__COLLECTED MATERIAL__
-.-.-

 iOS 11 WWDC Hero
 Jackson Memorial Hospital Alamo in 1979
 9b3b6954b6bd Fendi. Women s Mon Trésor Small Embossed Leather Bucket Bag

-.-.-

Set down all of the lines above without altering a word.

 iOS 11 WWDC Hero
 Jackson Memorial Hospital Alamo in 1979
 9b3b6954b6bd Fendi. Women s Mon Trésor Small Embossed Leather Bucket Bag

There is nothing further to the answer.